Judges from [the Ninth Judicial District] met in July and voted to eliminate the fees next year.
"I believe it was done in response to the bribery and graft cases involving former Winnebago County District Attorney Vince Biskupic," said Cicero.
Biskupic was convicted of accepting bribes to dismiss cases. Some of the money that defendants paid to have their cases dismissed went to organizations that he (Biskupic) was involved in or into his own pocket.

¶ 6. The next day, the Leader ran a correction of the article. The correction stated:

A story in Monday's edition incorrectly referred to Vince Biskupic as a former Winnebago County District attorney [sic] accused of bribery and graft.
The name of that official is Joe Paulus, who was recently sentenced in federal court for personally accepting about $48,000 to reduce or avoid court cases.
Also, according to Shawano County Circuit Court Judge J.R. Habeck, the Paulus case had nothing to do with the cutoff of funding for [crime prevention organizations].
Biskupic is a former Outagamie County district attorney. When he ran for the Wisconsin Attorney General office, an issue was raised as to whether he acted properly by accepting funds for [crime prevention organizations] as an alternative to prosecution.
Habeck said he's never heard or seen any allegation that Biskupic personally benefitted from these funds. He has not been charged.
However, Biskupic was rebuked by the state Ethics Board in 2003 for striking secret deals with defendants to avoid prosecution in exchange for payments óf up to $8,000 to local anti-crime groups and his privately operated crime-prevention fund.
It was this issue, Habeck said, that raised statewide judicial awareness of the possibility of paying sums without court proceedings, leading to a review of [crime prevention organization] practices.

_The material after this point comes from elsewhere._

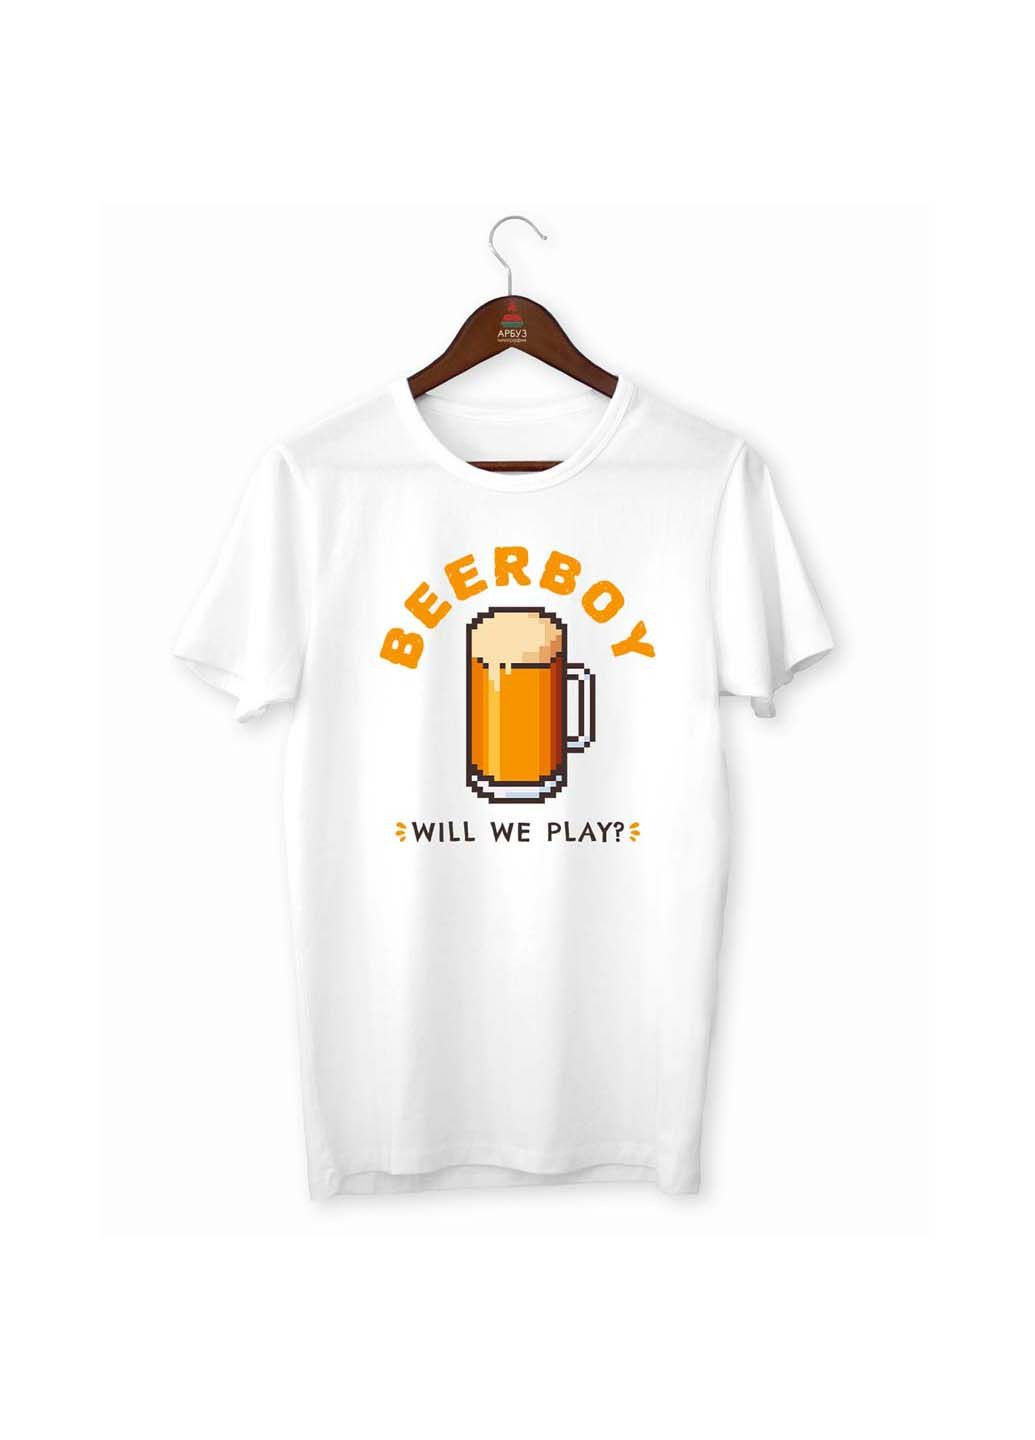 Белая футболка beerboy will we play Кавун

The Leader ran a second correction on its front page in early September in response to a demand letter from Biskupic.

¶ 7. Biskupic filed suit in August 2005. He alleged two claims relevant here: slander against Cicero and libel against the Leader. Biskupic alleged Cicero's comments to the Leader slandered him, and the Leader libeled him when it printed Cicero's comments and the paragraph stating Biskupic had been convicted of accepting bribes.

¶ 8. In her deposition, Cicero stated she had been accurately quoted in the article. She said when she was interviewed for the article, she intended to refer to Paulus, and had a "brain lapse" and inadvertently used Biskupic's name instead. Cicero said she did not believe she was the source of the information in the paragraph following her quote — that Biskupic had been convicted of bribery and graft and that money intended for nonprofits had gone into Biskupic's pocket — although she could not "recall the specific conversation."

¶ 9. Joe Vandel, the reporter who wrote the story, was also deposed. Vandel said both Cicero's quote and the information in the paragraph following the quote came from Cicero. He said Cicero had provided him with correct information dozens of times in the past, and he had "no reason to believe what she was telling me was incorrect." Vandel admitted that in hindsight he "probably should have" verified the information, but at the time he did not doubt its veracity.

¶ 10. Vandel said he had no specific recollection of taking notes for this particular story, but his normal process was to take notes. When a story was finished, he would put his notes in a drawer. When the drawer filled up, he would discard the notes at the bottom, the notes from the oldest stories. Vandel said after the second retraction was printed he believed the matter was taken care of and there was no need to retain his notes any longer. He said his notes from the story had likely been discarded when they reached the bottom of his drawer.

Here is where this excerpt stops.